Israel recognized an informal settlement in the occupied West Bank two days before a general election, while Prime Minister Benjamin Netanyahu renewed his pledge to annex the occupied Palestinian Jordan Valley and the northern Dead Sea to Israel after the election.
Netanyahu's office said that during its weekly session in the Jordan Valley, the government agreed to "transform the informal settlement of Mivot Jericho in the Jordan Valley into an official settlement."
All settlements are illegal under international law, but Israel makes a distinction between those it has agreed to and those that have not.
Netanyahu renewed his pledge to annex the Palestinian areas of the Jordan Valley and the northern Dead Sea to Israel immediately after the formation of his next government.
He added in a statement opened by the weekly meeting of his outgoing government held in a settlement in the Jordan Valley; that the cornerstone of his policy is to start annexing settlements in the West Bank, and areas where there are no settlements, as he put it.
Regarding his plan to annex the Jordan Valley and north of the Dead Sea to Israel, Netanyahu said: "I have pledged to do so in the previous days, and I am proud to establish this settlement today.
He said he would embark on a decision to annex the Jordan Valley after the election, and would wait for US President Donald Trump to announce his Middle East peace plan, known as the "deal of the century," before embarking on settlements.
Turkish Foreign Minister Mevlut Cavusoglu on Sunday strongly criticized Netanyahu's comments and said his intention to annex land from the occupied West Bank was a "despicable attempt to win a few more votes in the elections."
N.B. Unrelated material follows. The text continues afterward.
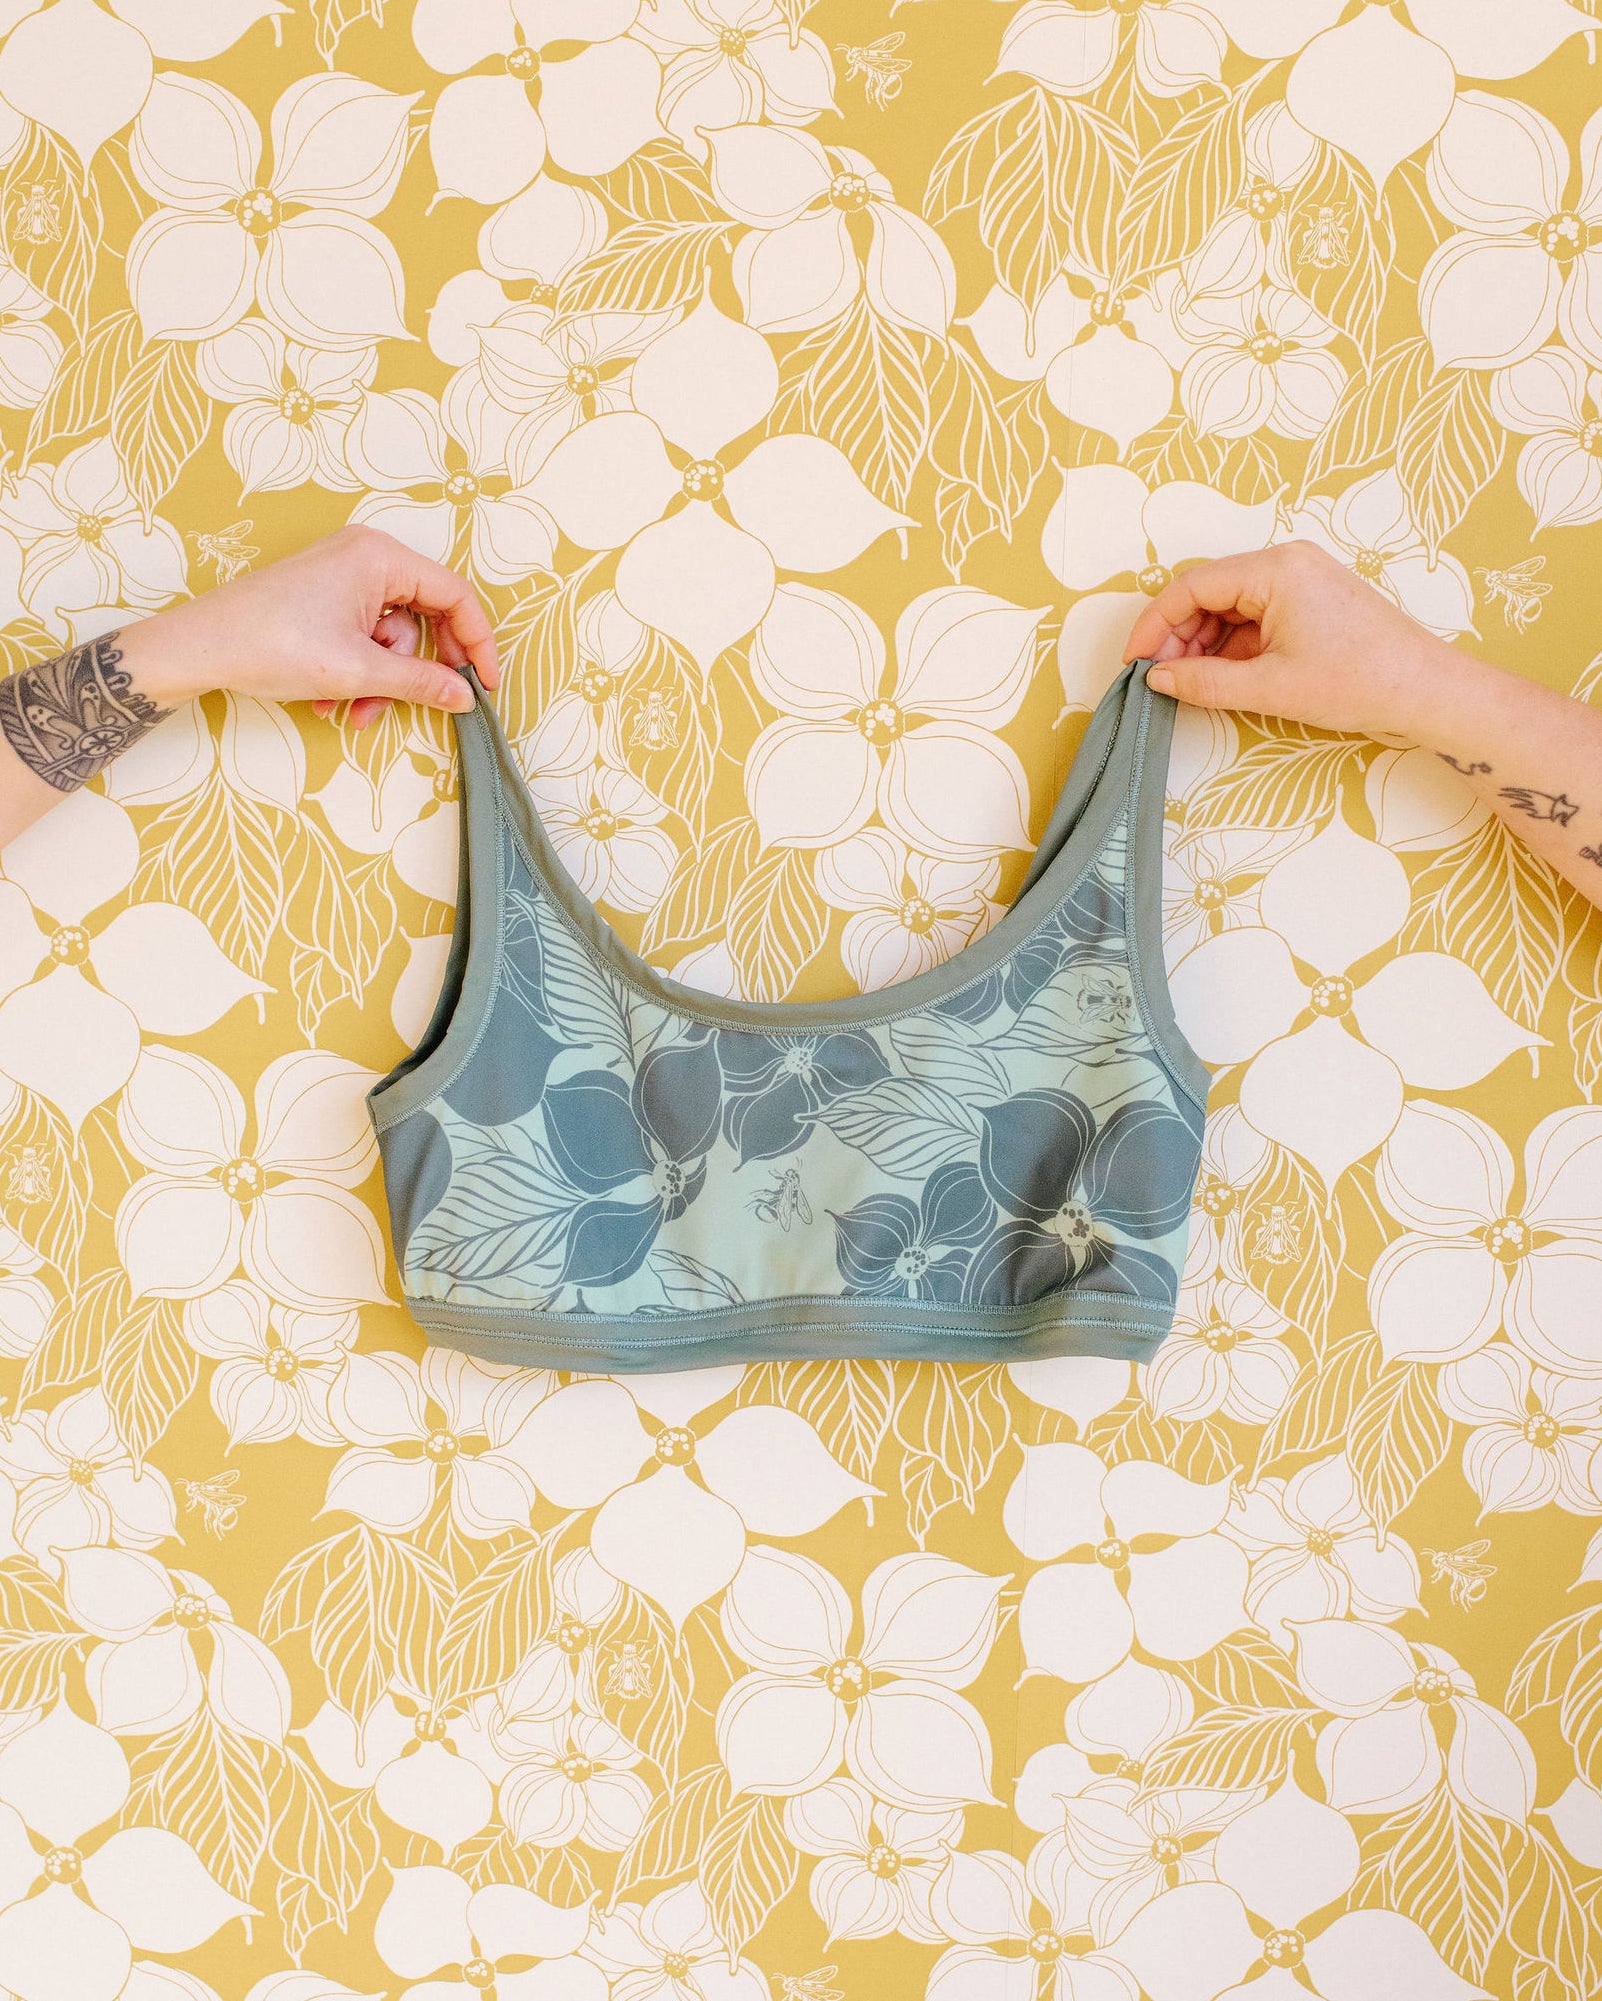 Hands holding Thunderpants Swimwear Top in Dogwood by Lonesome Pictopia.

"Israel draws boldness from the support of some countries and continues its aggressive policies which are becoming a system of racial discrimination," said Gavishoglu, during his participation in the extraordinary meeting of the Organization of Islamic Cooperation (OIC) in the western city of Jeddah.
Against the Arabs
Netanyahu continued his campaign of incitement against Arab voters, accusing them of rigging previous elections in April.
He asked his ministers, particularly the ministers of internal security and the judiciary, to not investigate the ballot boxes in the Arab sector within the Green Line in those elections.
The latest opinion poll conducted before the end of the legal period that allows polls before the election day in Israel; Netanyahu - leader of the Likud party - will be the winner and the most likely to form a new Israeli government.
According to the poll of 3,193 Israelis, Netanyahu's chance to form a right-wing and religious government under his leadership with a coalition base of at least 61 Knesset members has become strong.
The results indicated that Likud would get 33 seats, and that his rival "Blue White" will get 32, while the joint list of Arab parties will get 11 seats, and "Yisrael Beiteinu" led by Avigdor Lieberman on nine.
The results predicted eight seats for the ultra-Orthodox Yehudet Hatourat party, and seven for both the ultra-Orthodox Shas and the extreme right.
The poll also predicted that the leftist Democratic camp would win five seats, the Labor coalition four, and four seats similar to the party "Outsamat Israel", both on the edge of the discount rate.